Передо мной небольшой альбом квадратной формы с геометрическими узорами, раньше я никогда его не видел. На каждой странице одна фотография. Очевидно, все они из одной серии с той, что отдала мне Мод: тот же формат, та же зернистость, тот же тип обрамления. Это обитательницы дома Святой Марии, сфотографированные группами по две-три девушки в разных местах: перед фасадом, в парке, в спальне, в комнате, которую я идентифицирую как столовую. Под каждой фотографией мама написала имя девочки: Анн-Мари, Даниэль, Елена, Урсула, Жаннетт… Все они одеты в форменные платья и натянуто улыбаются. Меня поражает сходство в выражении их лиц: девушки кажутся взаимозаменяемыми пешками. Как же я раньше не понял, что та съемка была всего лишь шоу, способом заставить внешний мир поверить, что они счастливы и с ними хорошо обращаются?
Последняя фотография отсутствует, но в нижней части вписаны два имени: Нина и Дениз. Она сейчас у меня — единственная, которую моя мать захотела сохранить, прежде чем запереть альбом. Откуда у нее эти снимки? Она призналась, что украла деньги и документы из кабинета директора, прежде чем сбежать; значит, и шкатулку с альбомом забрала тогда же?
Вероятно, потому что под альбомом лежат досье интернированных Нины Янсен и Дениз Пьяже. Я пролистываю документы, но в них мало информации — частое явление, если верить Марианне. В деле моей матери нахожу регистрационный документ с указанием причин лишения свободы: «побег и сексуальная безнравственность».
Наступает очередь пресловутого конверта из крафтовой бумаги, который мама категорически запретила мне открывать. Взвешиваю на ладони, прощупываю: он не очень толстый, и документы, лежащие внутри, намного меньшего формата.
Знал ли я до того, как пришел в этот банк, что не сдержу обещание? Я сопротивляюсь, пытаюсь убедить себя, что не могу совершить такой постыдный поступок, но не чувствую себя виноватым. Мне кажется, я зашел слишком далеко, чтобы отступать. Медленно вскрываю конверт.
Снова фотографии, но совершенно другого свойства. Оправившись от шока, я насчитываю двадцать пять снимков и понимаю, что не смогу просмотреть все. Первый снимок — удар под дых: совершенно обнаженная девушка без сознания лежит на чем-то вроде операционного стола. Ее ноги разведены, руки свисают в пустоту по обе стороны от тела, волосы откинуты назад, чтобы открыть лицо. Фотография резко контрастная, что подчеркивает ее невыносимый вуайеризм. Меня мутит, я бросаю снимок на стол.
На всех остальных сцена идентична, за одним исключением — почти каждый раз девушка другая. Их уложили в такую позу, безжалостно и бесстыдно предложив глазу камеры, низвели до состояния марионеток. И я, конечно, понимаю, что кукловодом мог быть только Грегори Далленбах.

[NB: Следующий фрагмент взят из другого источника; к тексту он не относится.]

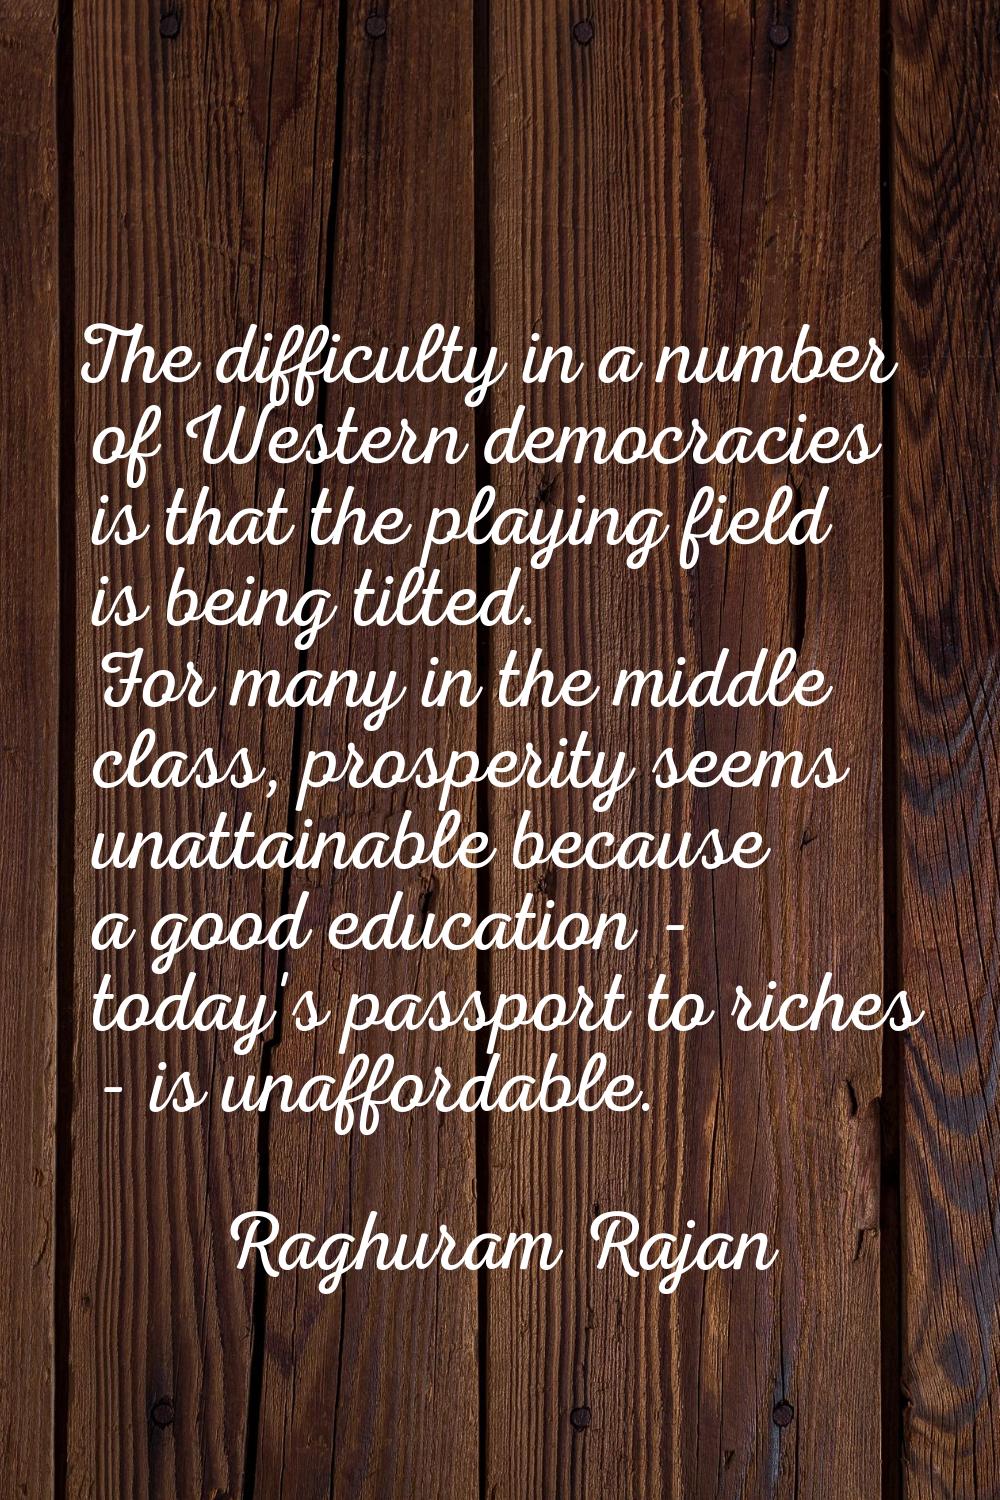 The difficulty in a number of Western democracies is that the playing field is being tilted. For ma

Вот доказательства, которые обещала мне моя мать. Фотографии сорокалетней давности, которые, без всяких сомнений, подтверждают жестокое обращение врача с несовершеннолетними. Я не в состоянии просмотреть и половину чудовищной коллекции. Я чувствую себя запачкавшимся. Меня захлестывает волна отвращения. Я кладу все снимки обратно в конверт. Мне следовало бы пожалеть, что я сразу не отдал его Гезу, как требовала мама, но я знаю, что должен был пройти через это испытание, что открытие истины могло завершиться только жестоким столкновением с реальностью.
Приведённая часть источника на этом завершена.